The paper provides an alternative derivation using the renormalization group to show that the problematic chiral logarithms in quenched QCD cannot be simply redefined away, challenging previous assumptions.

Findings

Chiral logarithms in quenched QCD are singular in the chiral limit.

Previous summations suggested non-analytic dependencies that may be redefined.

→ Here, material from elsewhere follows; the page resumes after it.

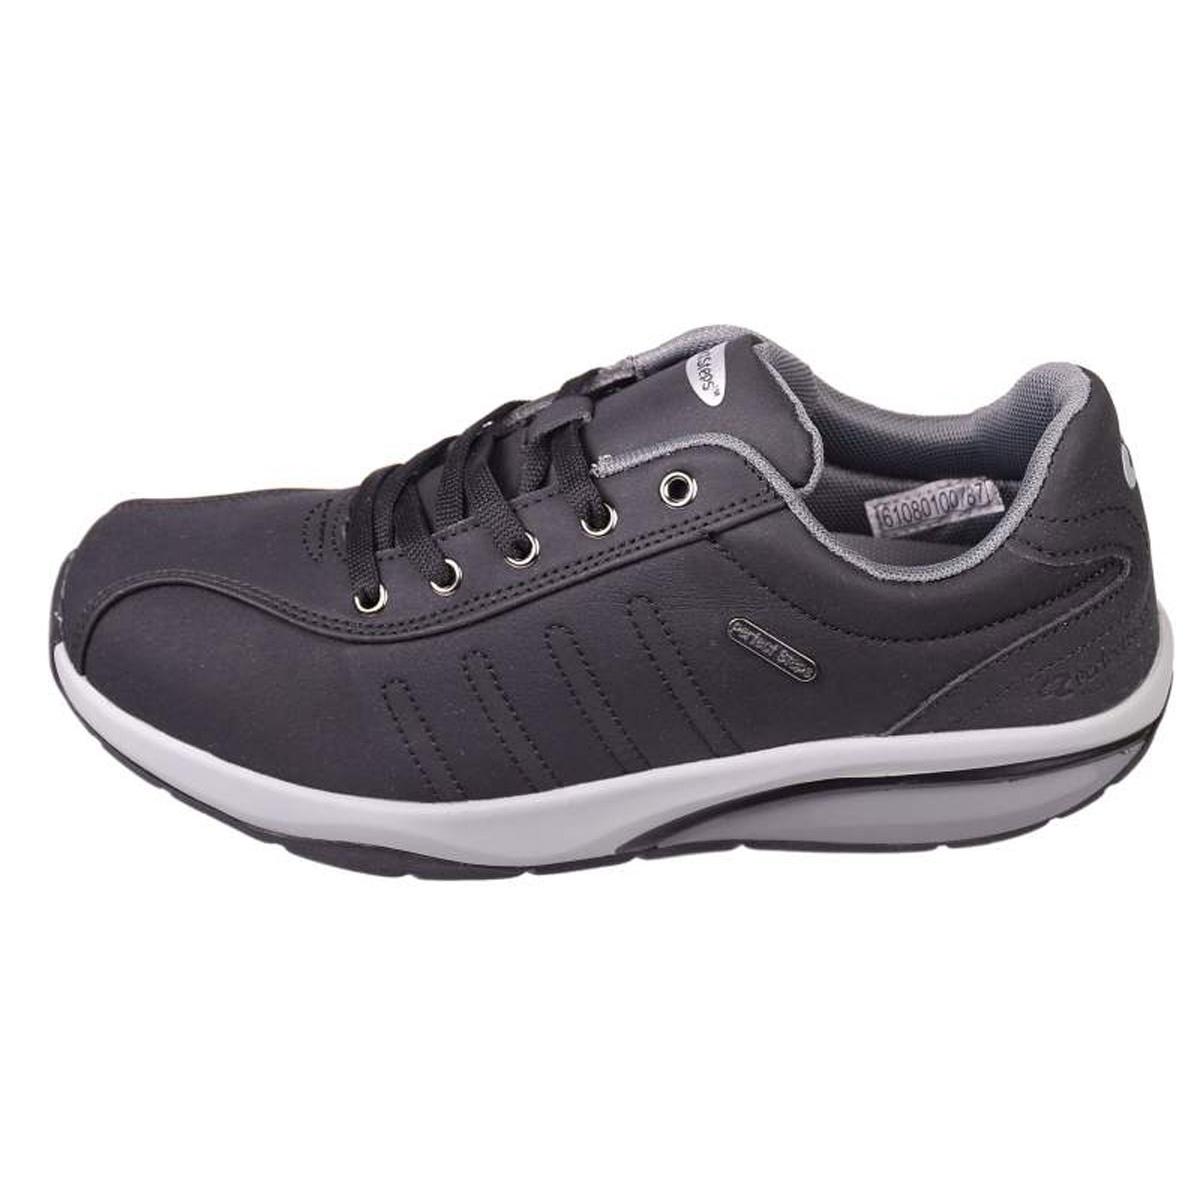 کفش مخصوص پیاده روی زنانه پرفکت استپس مدل پریمو رنگ مشکی

Evidence for these effects in numerical data remains inconclusive.

Abstract

In the quenched approximation, loops of the light singlet meson (the $\eta'$) give rise to a type of chiral logarithm absent in full QCD. These logarithms are singular in the chiral limit throwing doubt upon the utility of the quenched approximation. In previous work, I summed a class of diagrams, leading to non-analytic power dependencies such as $\cond\propto m_q^{-\delta/(1+\delta)}$. I suggested, however, that these peculiar results could be redefined away. Here I give an alternative derivation of the results, based on the renormalization group, and argue that they cannot be redefined away. I discuss the evidence (or lack thereof) for such effects in numerical data.